- [EXTRACTED INFORMATION]:

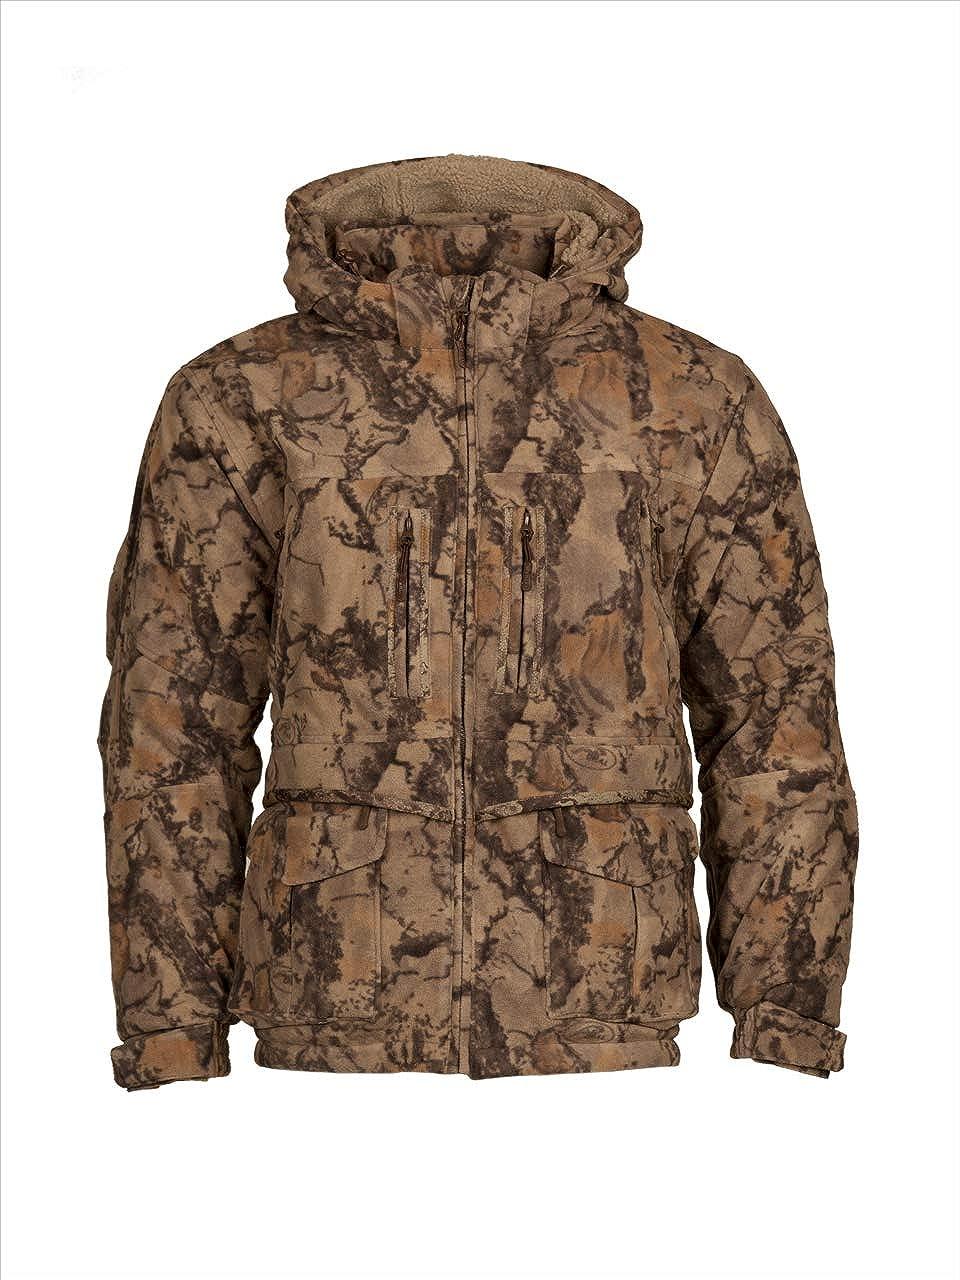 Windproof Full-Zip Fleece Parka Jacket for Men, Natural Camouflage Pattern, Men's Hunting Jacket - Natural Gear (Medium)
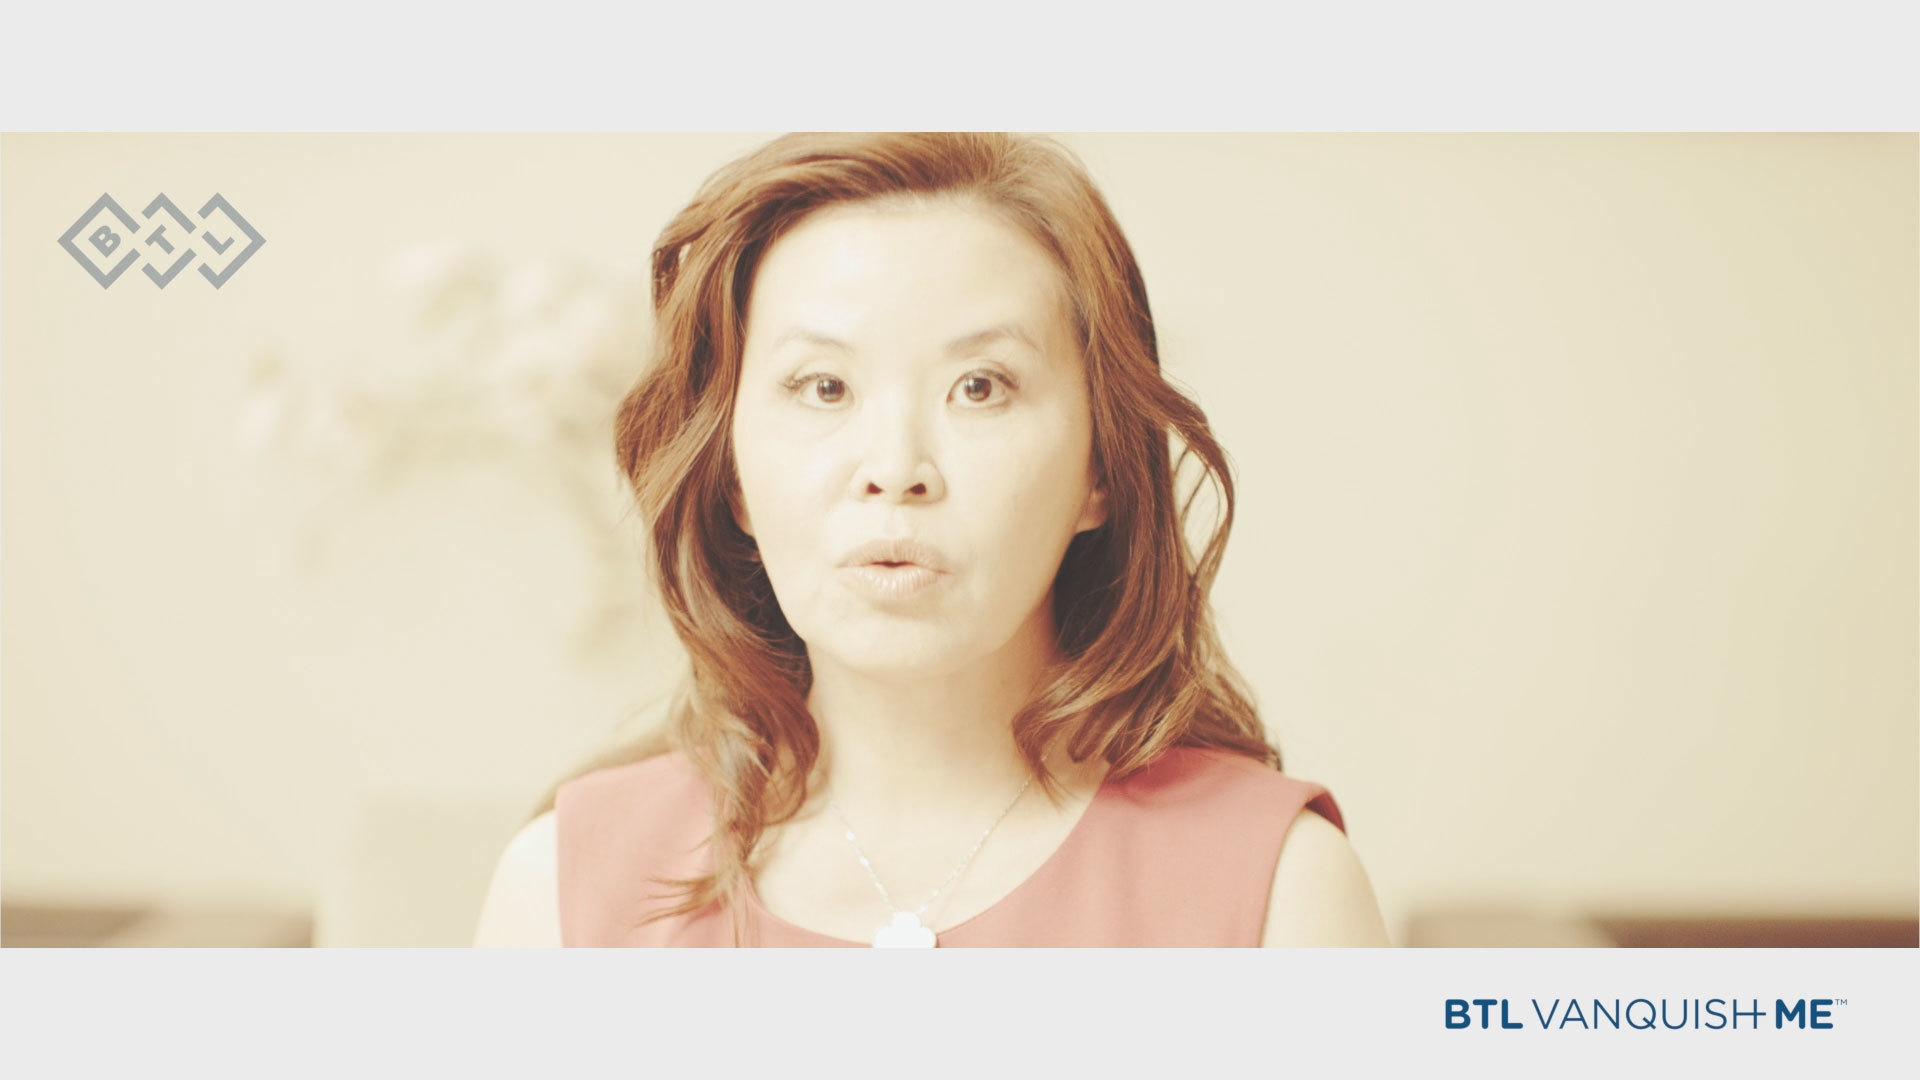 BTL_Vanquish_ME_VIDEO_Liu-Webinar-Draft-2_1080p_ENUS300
* * *
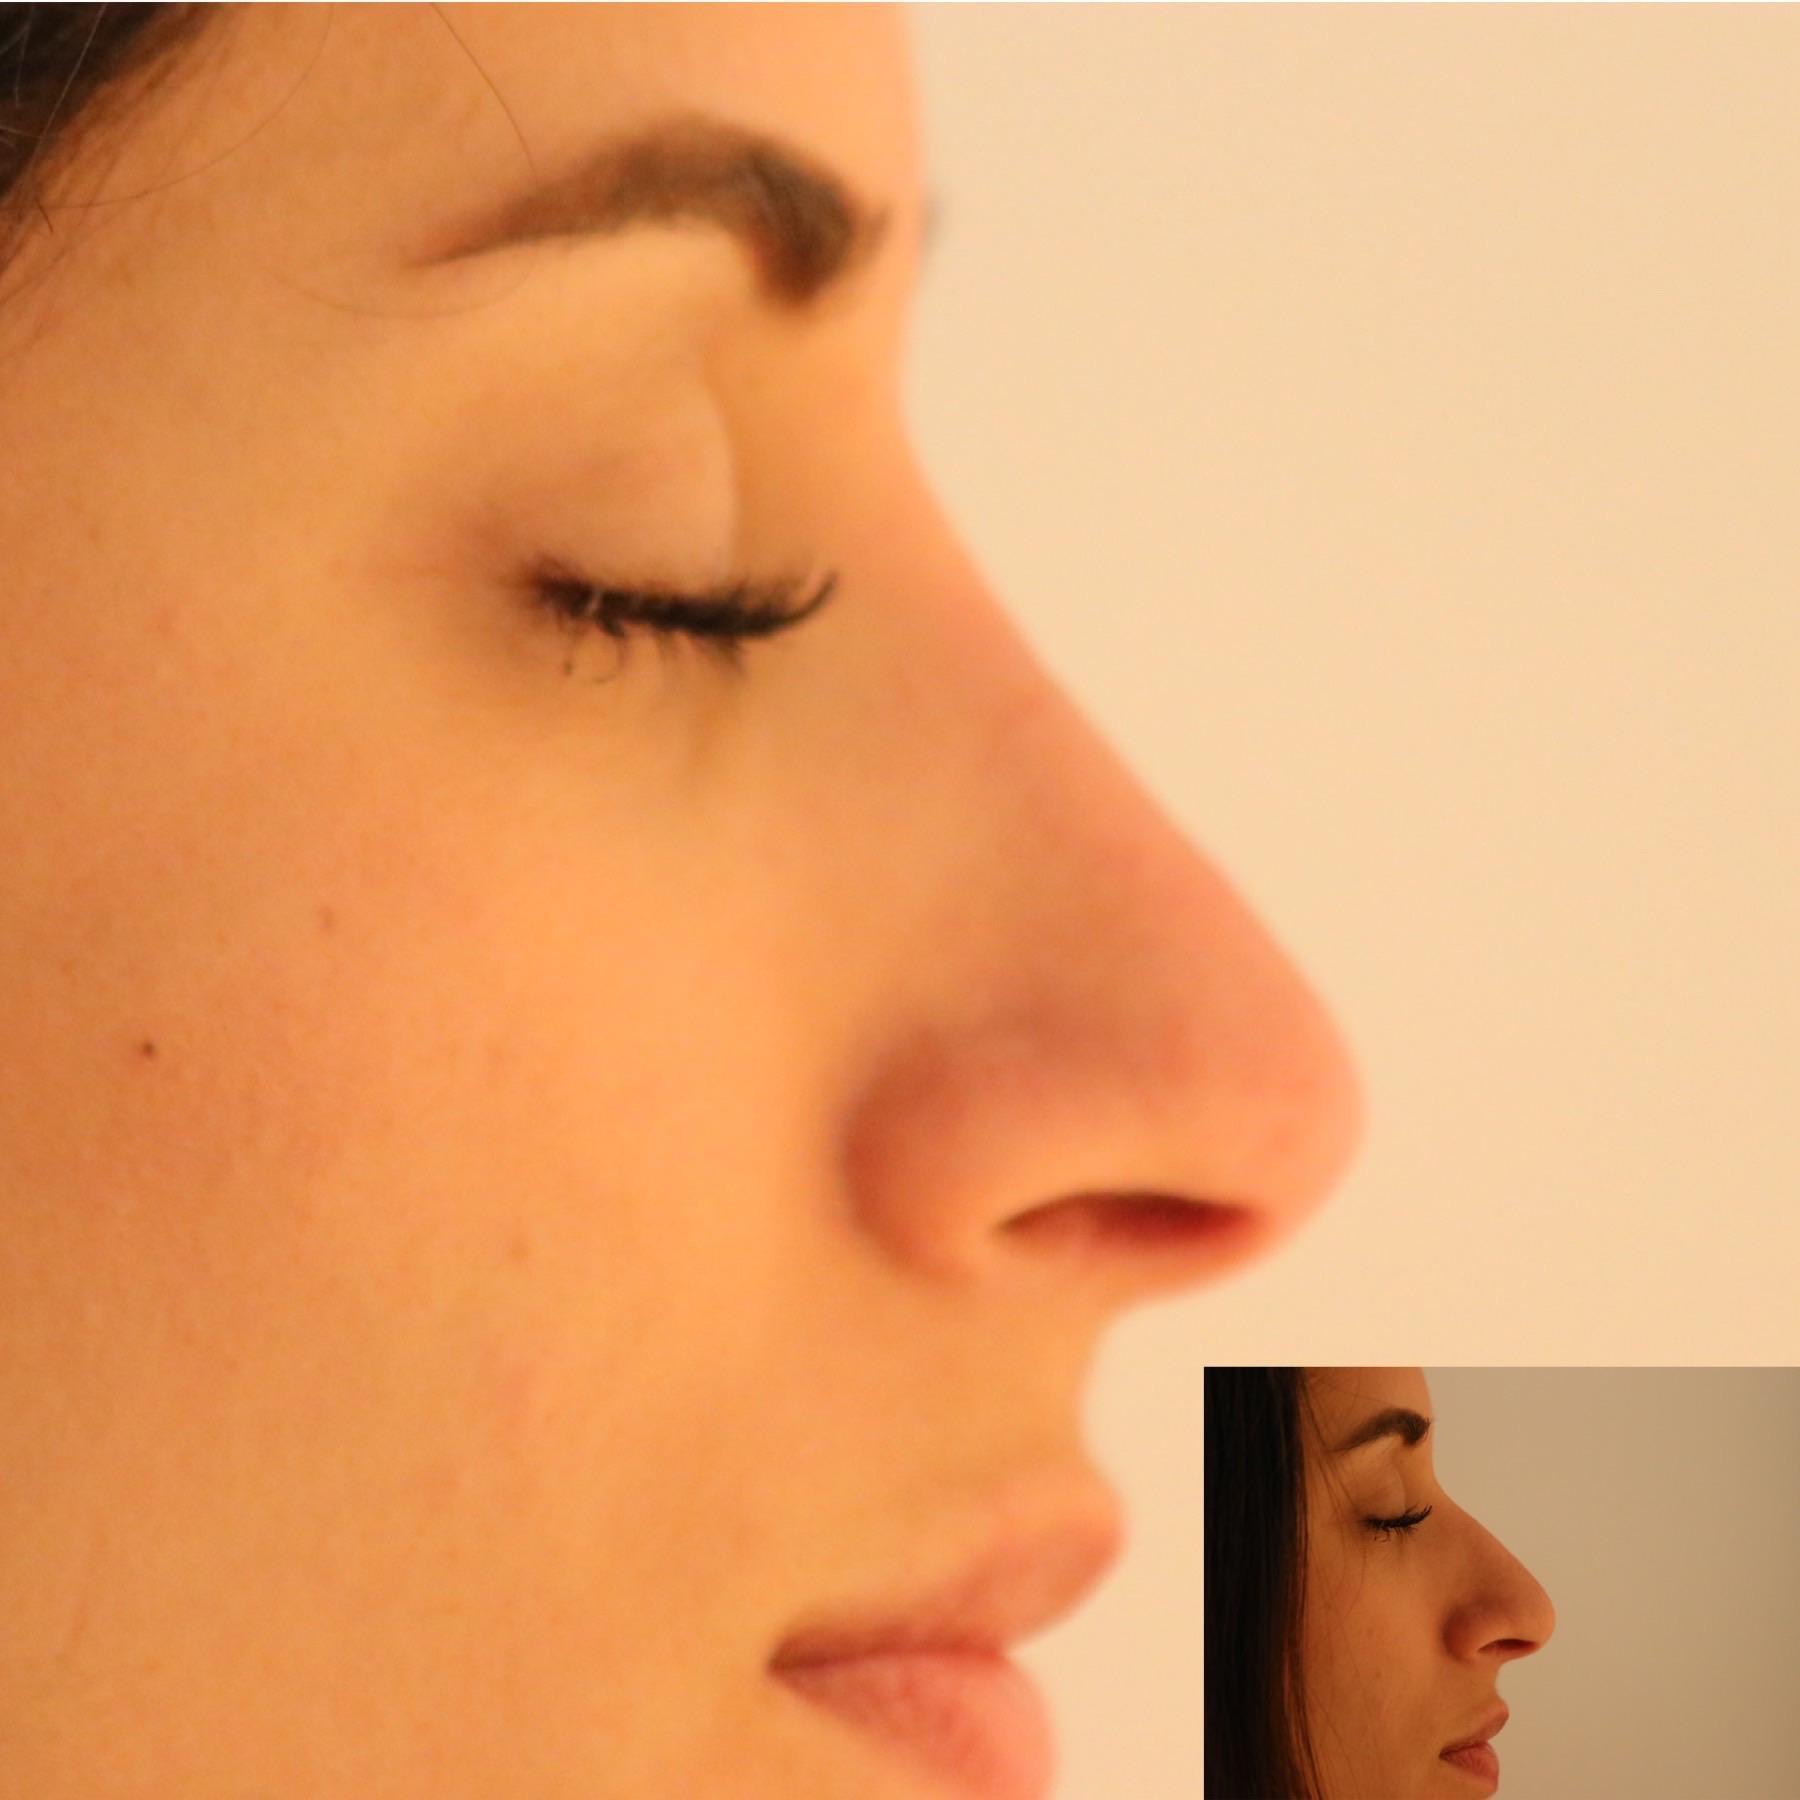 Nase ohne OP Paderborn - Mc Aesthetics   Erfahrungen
==
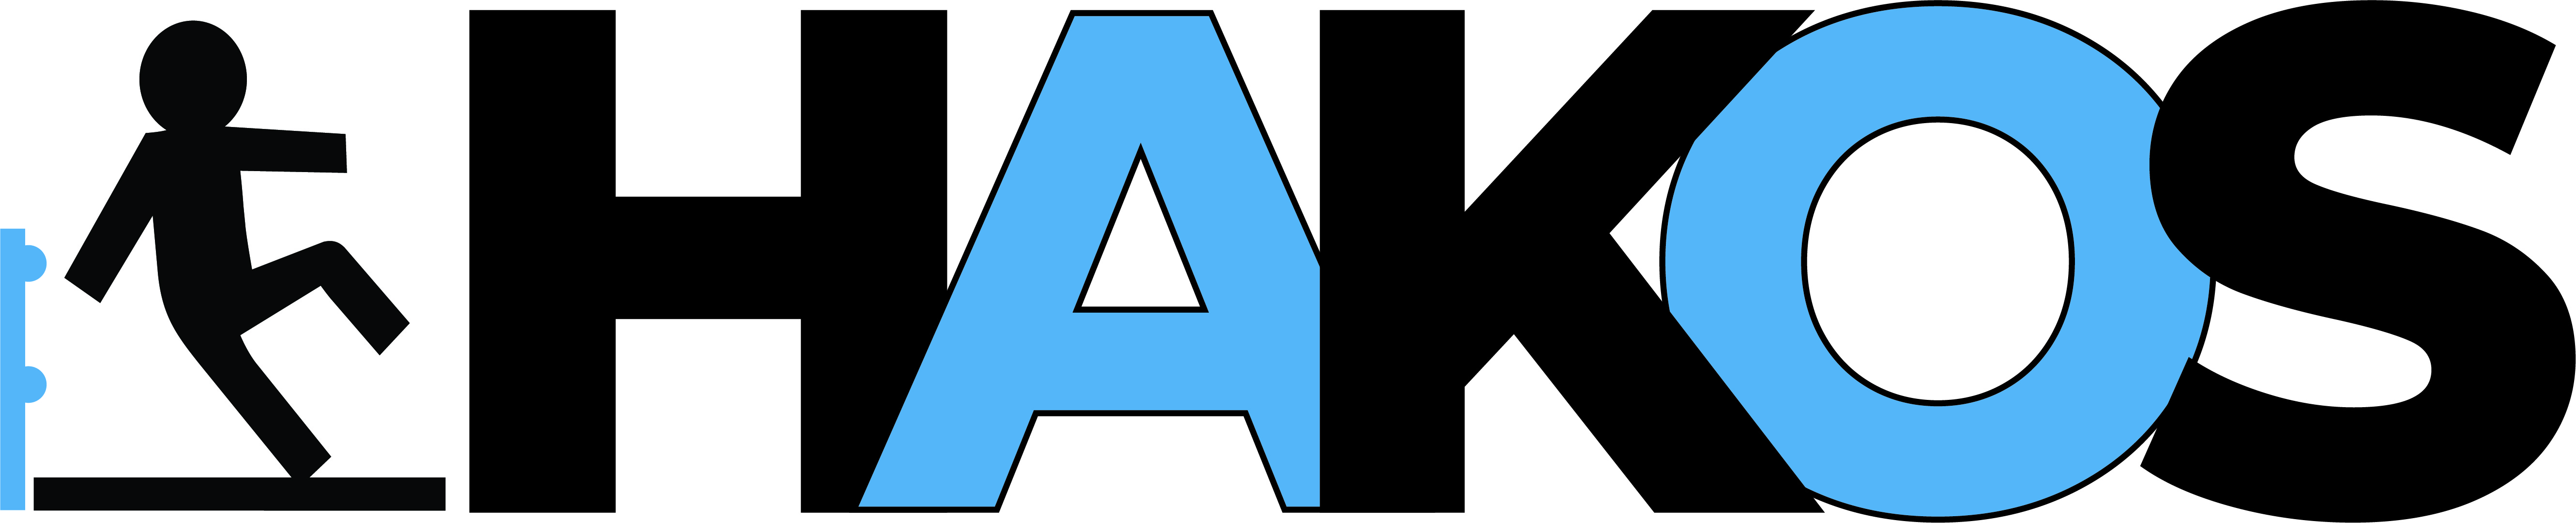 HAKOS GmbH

- [WHAT TO DO]:
For the entries above, print exactly the lines between the one with "Windproof Full-Zip Fleece" and the one with "BTL_Vanquish_ME_VIDEO_Liu-Webinar-Draft-2_1080p_ENUS300", inclusive, with no pictures.

- [RESPONSE TO THE TASK]:
 Windproof Full-Zip Fleece Parka Jacket for Men, Natural Camouflage Pattern, Men's Hunting Jacket - Natural Gear (Medium)
 BTL_Vanquish_ME_VIDEO_Liu-Webinar-Draft-2_1080p_ENUS300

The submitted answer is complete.